Does a CGL Policy’s “Business Description” or “Class Code” Limit Coverage?

Farrell Miller | Cozen O’Connor

One way a CGL insurer can narrow otherwise broad bodily injury and property damage coverage is by activity. Activities that face similar risk can be grouped using an activity classification code, which can be incorporated into the policy through a class limitation endorsement.

For instance, a policy issued to an individual (for any business of which he is a sole owner) could include an “accounting” class code and a class limitation endorsement, effectively narrowing coverage to accounting activities. Courts routinely enforce such endorsements.[1]

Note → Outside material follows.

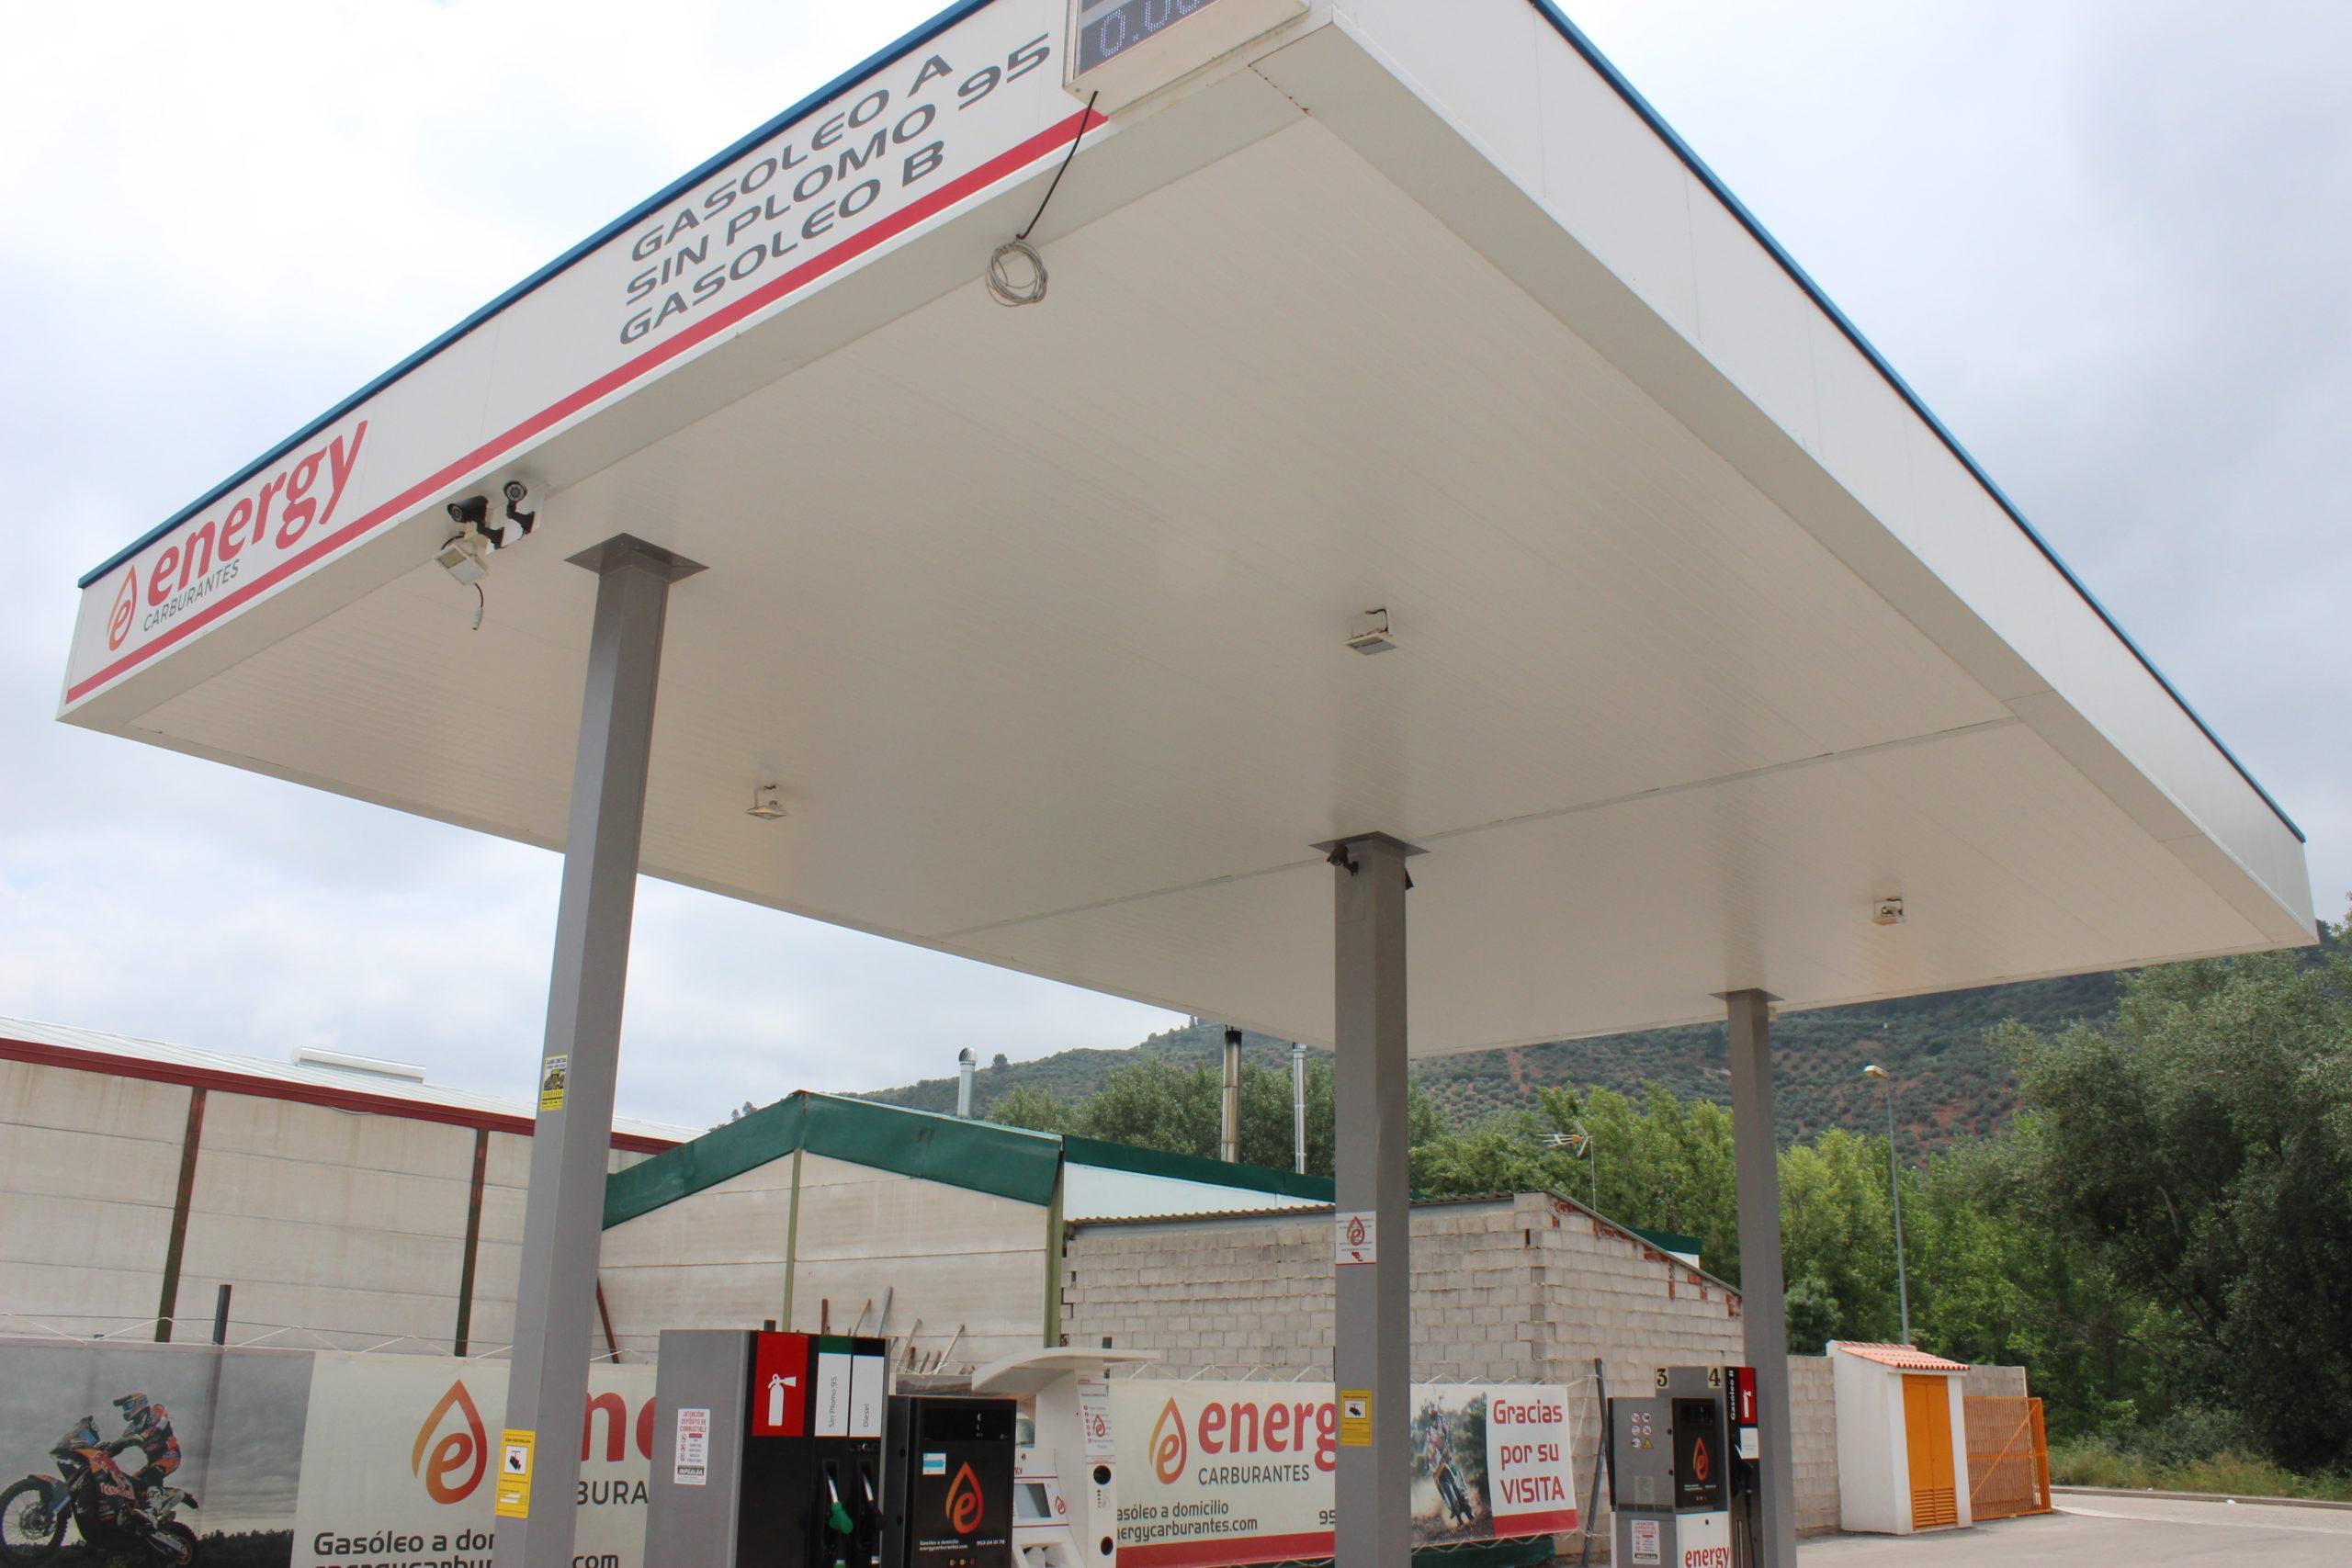 Gasolinera Puerta De Segura 2

Suppose that, instead of a class limitation endorsement for accounting, the policy’s declarations page merely said “business description: accounting” and “Class Code: 7619—Accounting.” Now suppose the individual also owns a non-accounting business and is sued for liability in connection with that business. Would that be covered? In other words, what effect should a court give to a class code or business description that isn’t incorporated into the policy by endorsement? This question underpins two divergent Circuit Court decisions.

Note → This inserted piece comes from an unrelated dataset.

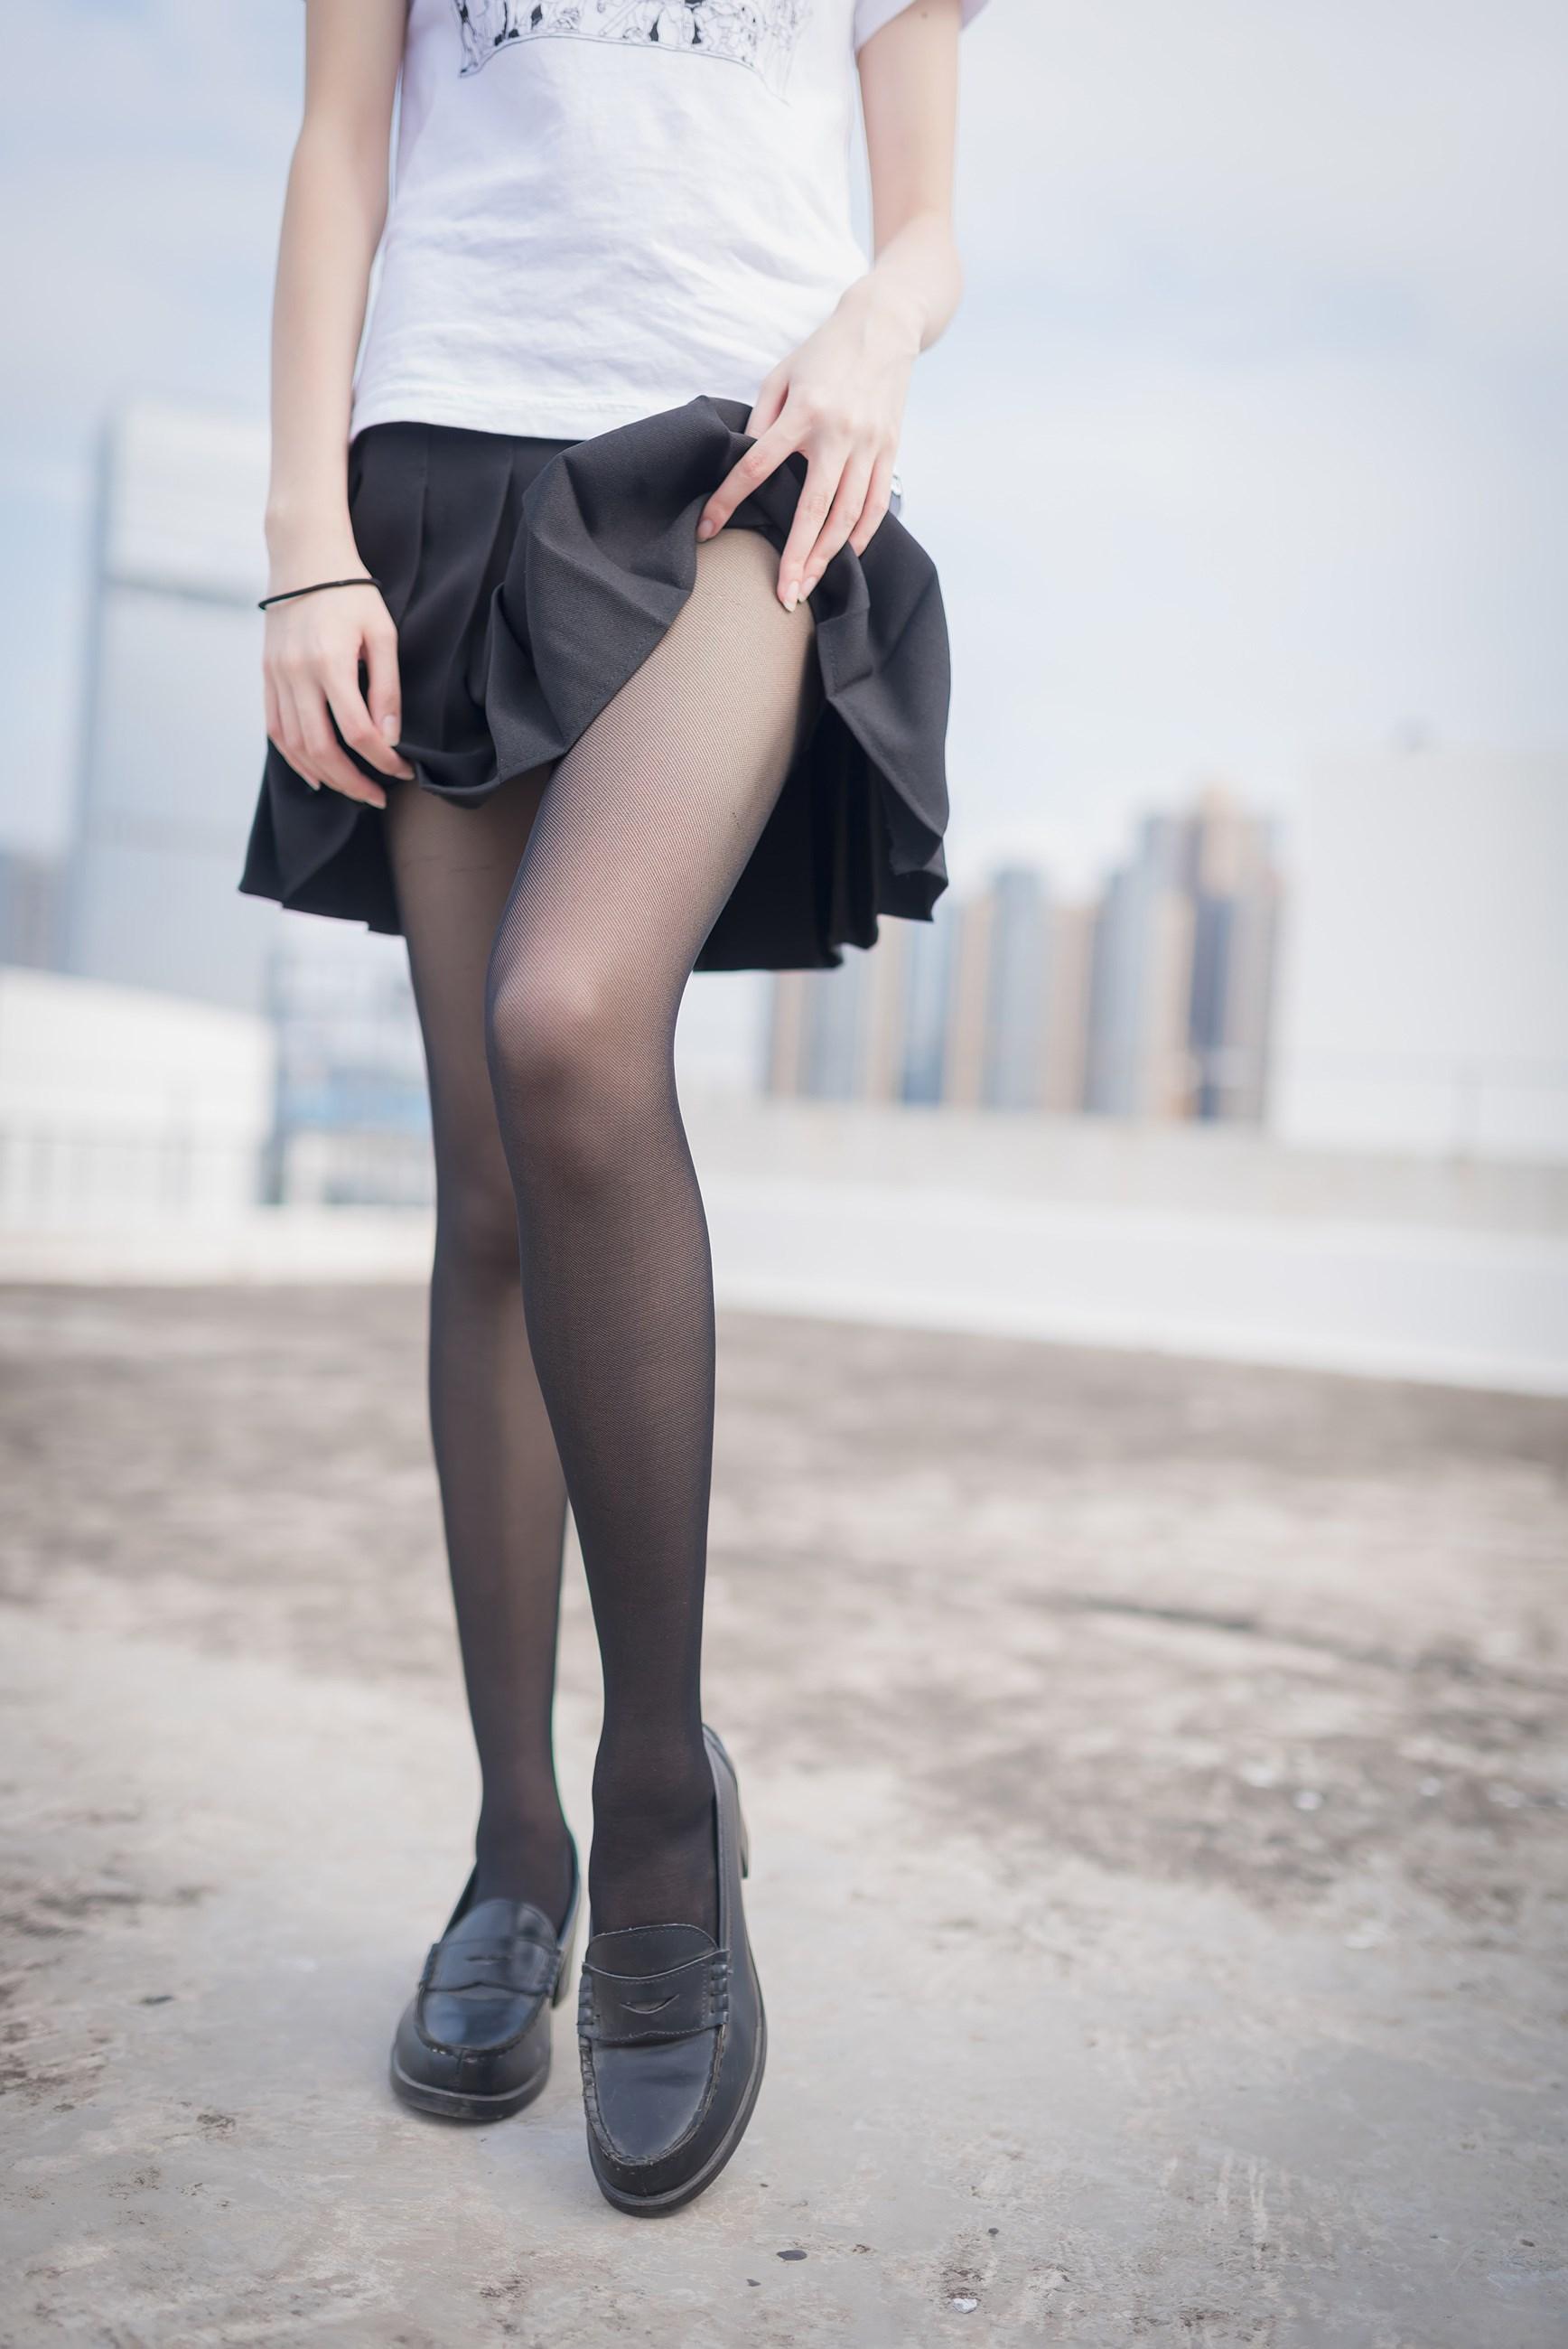 【兔玩映画】天台的黑丝少女 兔玩映画 第12张

In Smith v. Burlington Ins. Co., Smith owned and operated a courier service and a security service.[2] One of Smith’s armed security guards shot an unarmed teen while on duty at an Oklahoma apartment complex. The teen later died. His mother brought a wrongful-death action against Smith d/b/a Smith and Son Security. On Smith’s CGL policy with Burlington, the declarations designate “Form of Business” as “Individual,” and “Business Description” as “Courier Service.” The Policy section defining “who is an insured” says “If you are designated . . . as [a]n individual, you and your spouse are insureds, but only with respect to the conduct of a business of which you are the sole owner.” Within the policy was a “Schedule of Classification and Rates” listing “94099—Express Companies” (i.e. a Class Code).

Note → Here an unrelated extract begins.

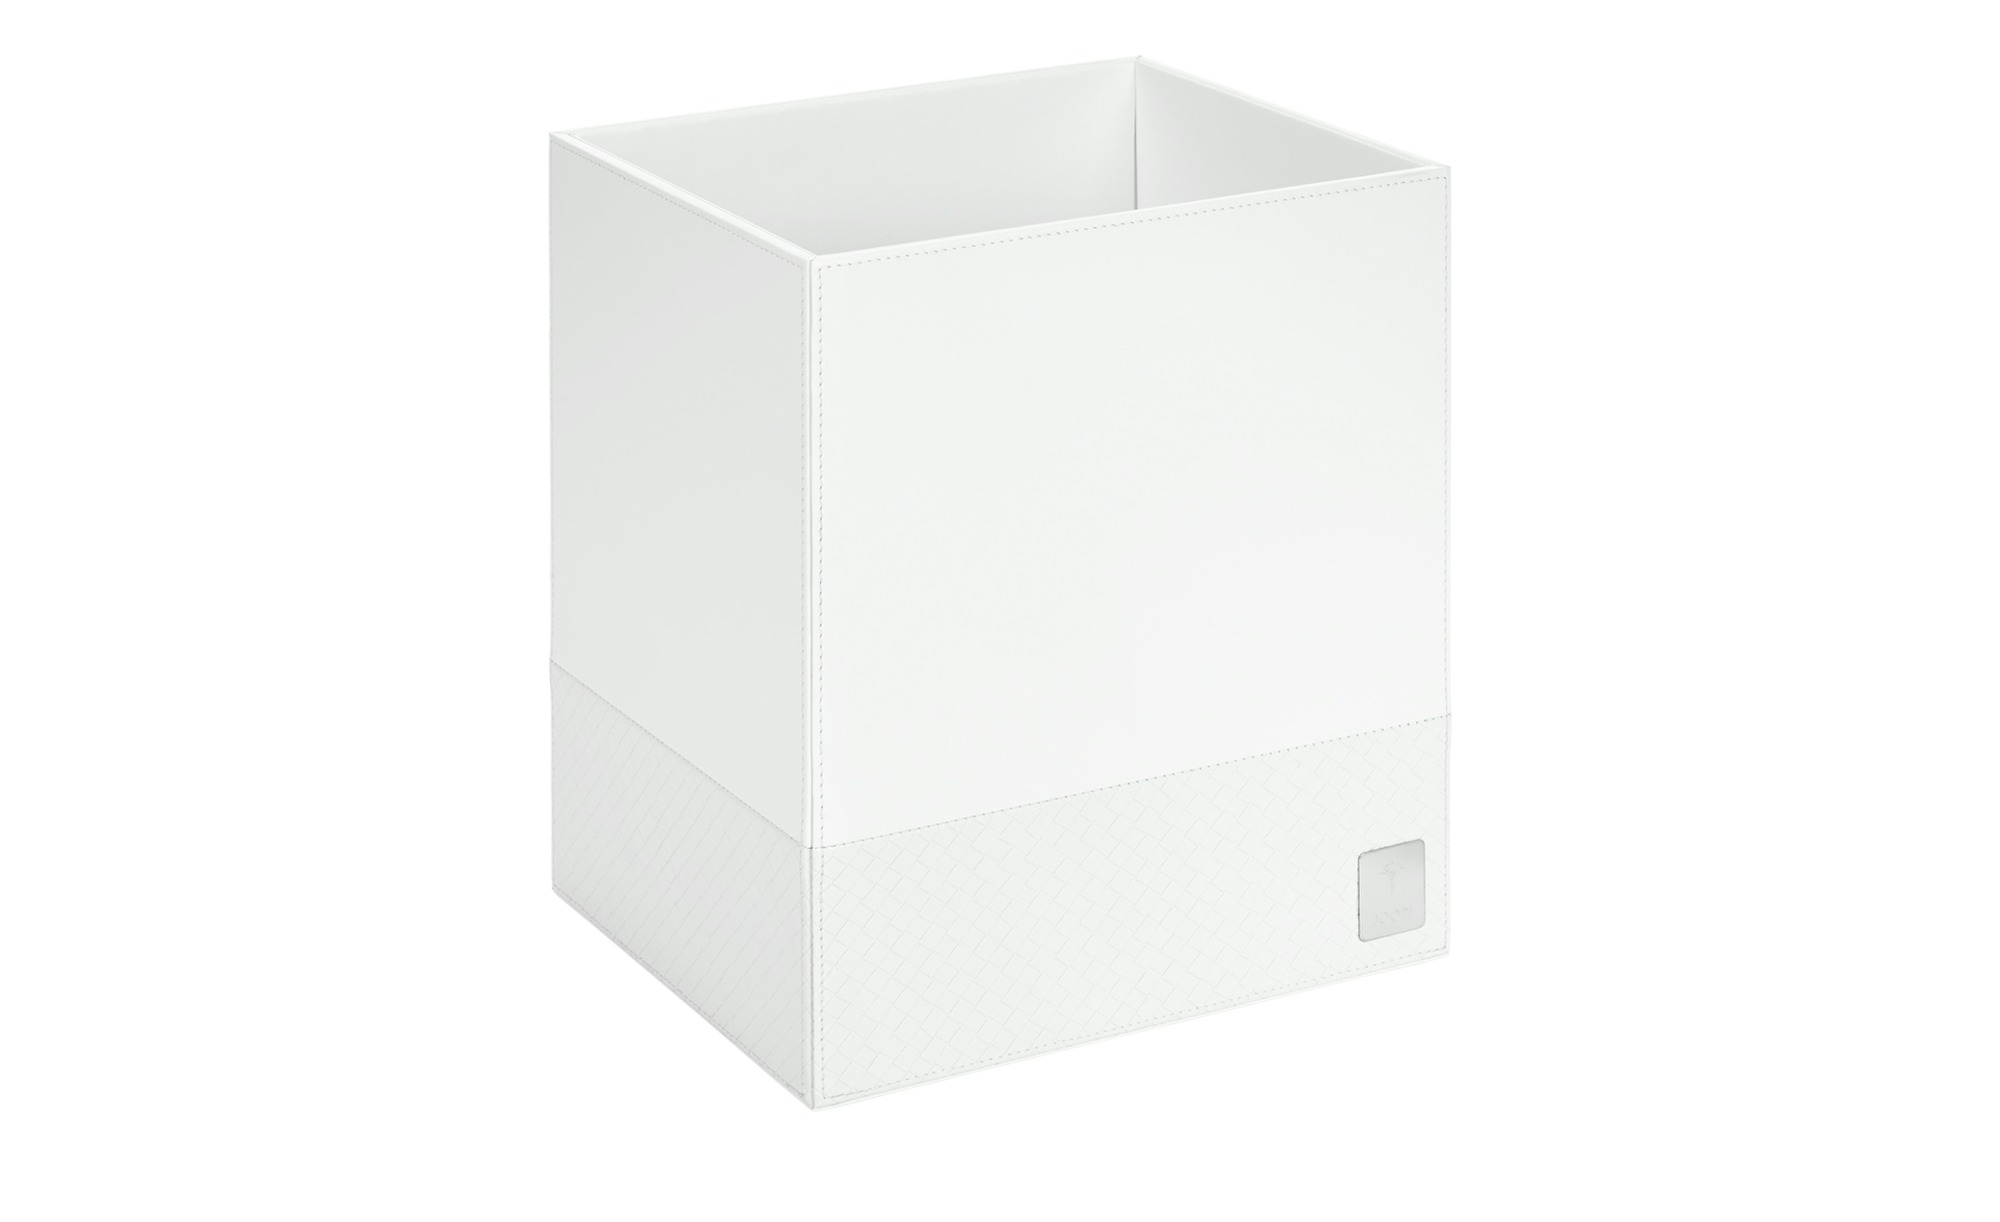 Papierkorb - gut gerüstet mit dem Aufräumen beginnen

Burlington denied coverage, saying that the policy was intended to cover Smith only for his courier service business. The district court sided with Burlington and the Tenth Circuit affirmed.[3] The district court held that two standard policy provisions effectively incorporated the business description into the policy itself. The first provision, a merger clause, says “declarations together with the common policy conditions and coverage form(s) and any endorsement(s), complete the above numbered policy.”[4] The second provision, in the “Representations” section, says “By accepting this policy, you agree: (a) The statements in the Declarations are accurate and complete; (b) Those statements are based upon representations you made to us; and (c) We have issued this policy in reliance upon your representations.”[5] The district court also held that using the Class Code “94099—Express Company” “rather than a code that could conceivably cover any armed security guard business confirms that there was no intent to cover Smith’s security business.”[6] The court concluded by stating that it refused to adopt a “strained interpretation that the ‘courier service’ policy covers any business Smith might choose to pursue.”[7]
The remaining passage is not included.